*Work task*:
How do the lines read from the one holding "Première production /" through the last line of the listing? Set them down exactly, pictures omitted.

*Supplied material*:
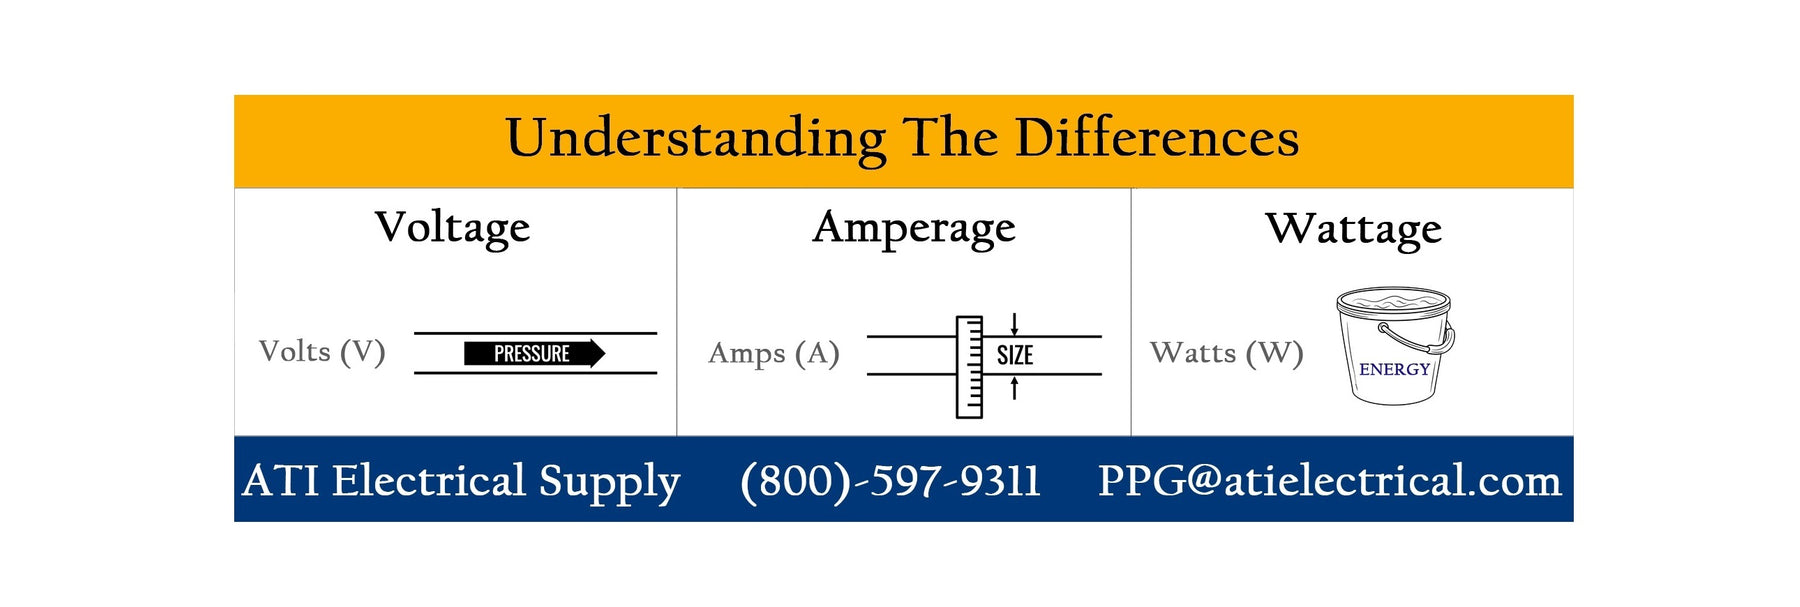 Difference Between Voltage, Amperage, and Wattage
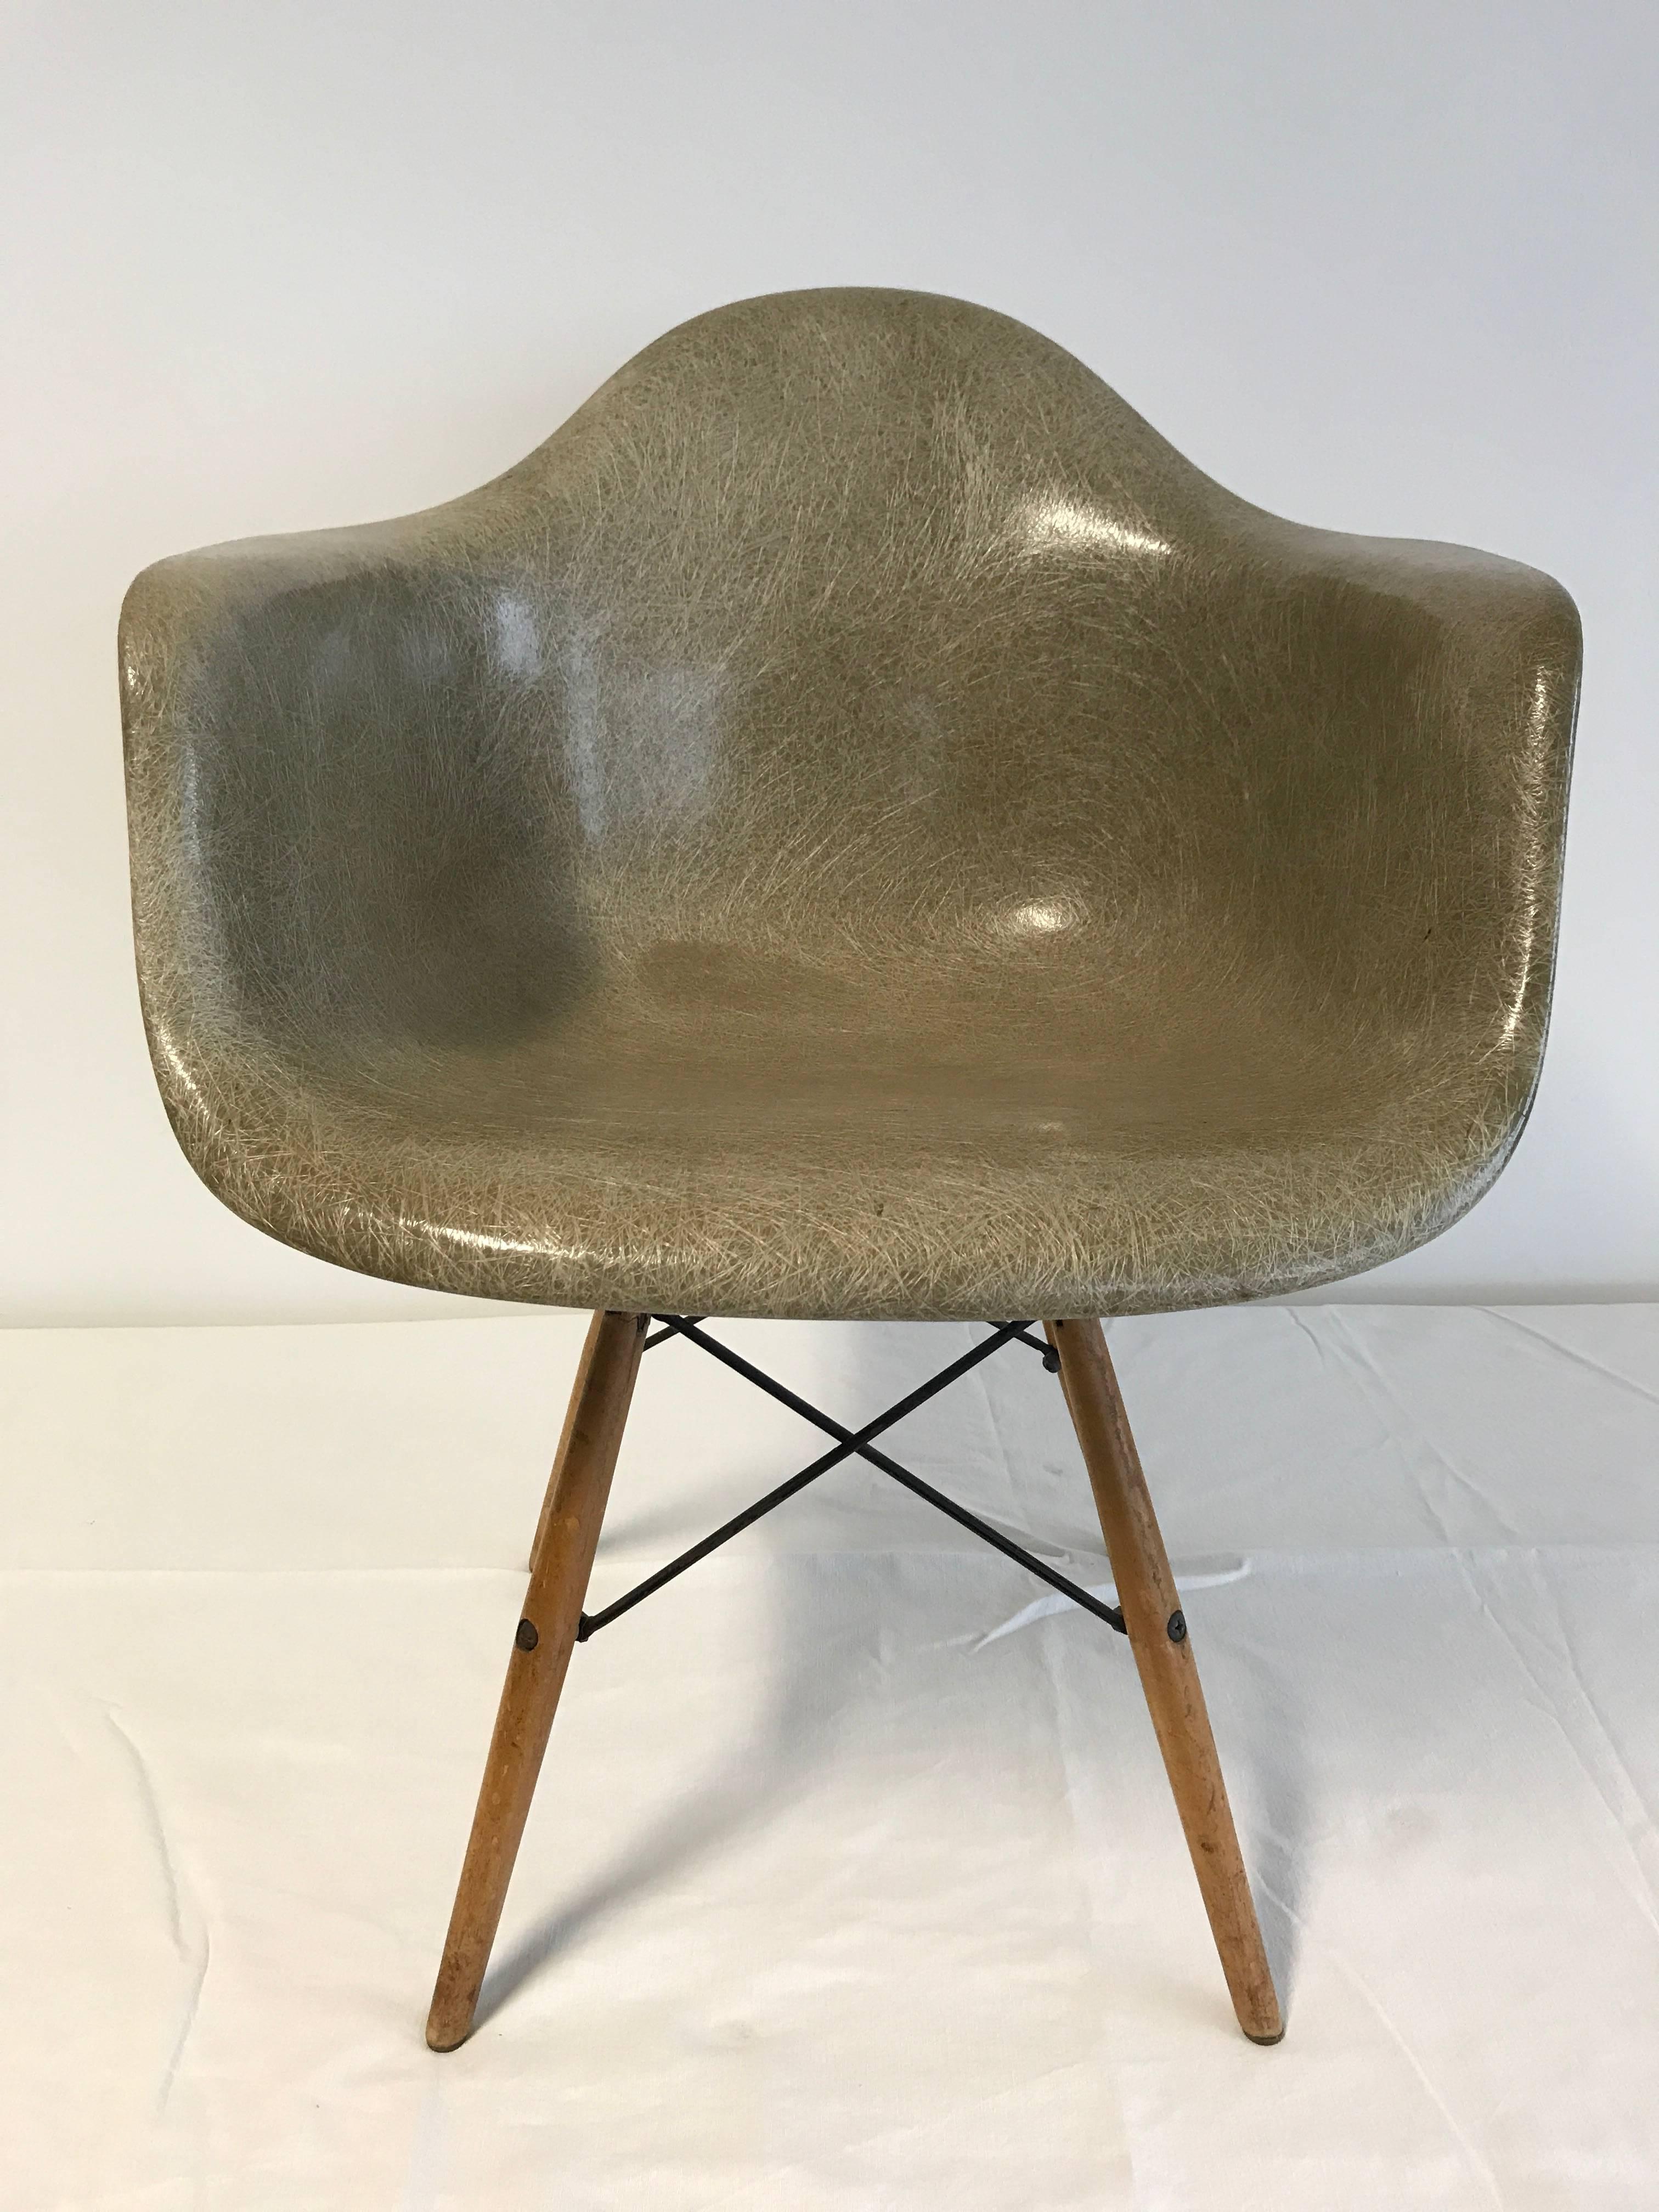 Première production / première génération 1949-1950 Zenith Herman Miller / Charles Eames PAW rope swivel chair in color grey elephant / dowel legs in birch / all original parts / the awesome dowel base reads Seng Chicago on the metal portion/ fibre
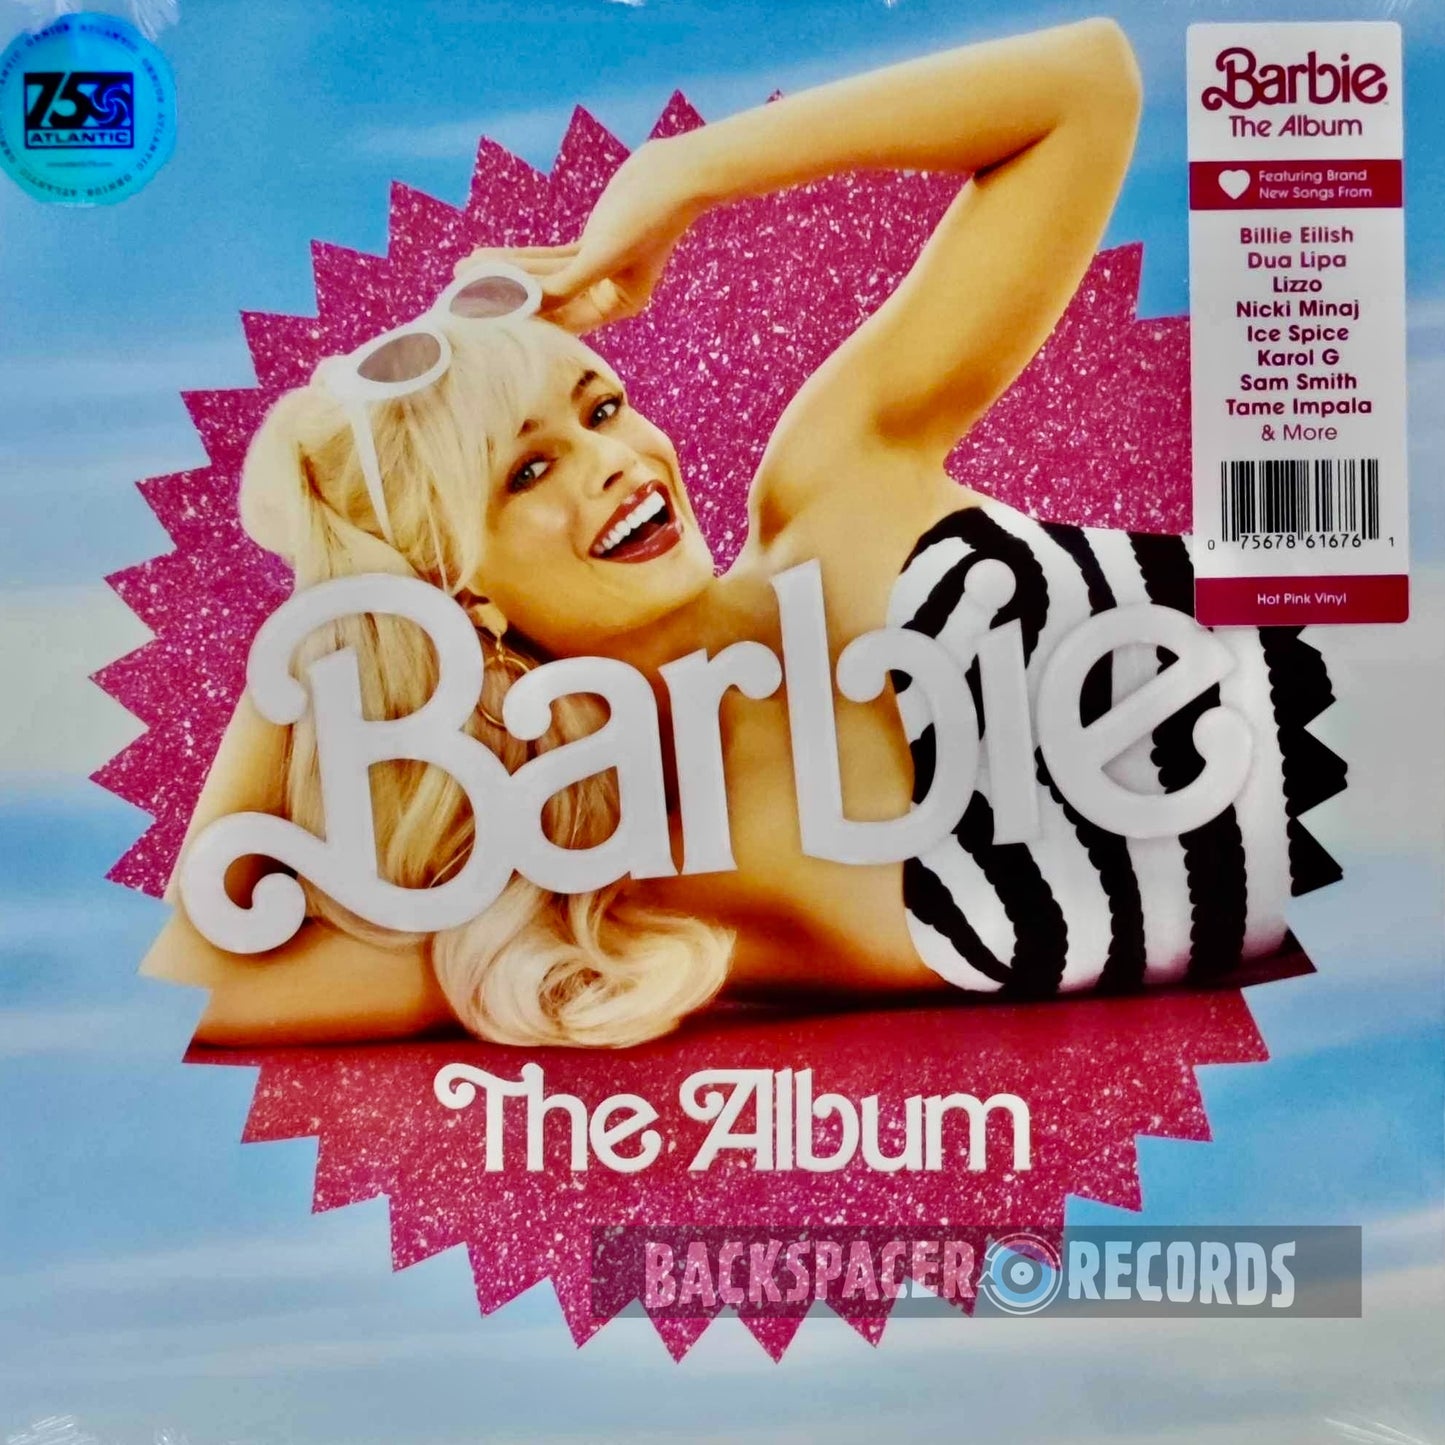 Barbie The Album - Various Artists (Limited Edition) LP (Sealed)

*Answer to the problem*:
 Première production / première génération 1949-1950 Zenith Herman Miller / Charles Eames PAW rope swivel chair in color grey elephant / dowel legs in birch / all original parts / the awesome dowel base reads Seng Chicago on the metal portion/ fibre
 Barbie The Album - Various Artists (Limited Edition) LP (Sealed)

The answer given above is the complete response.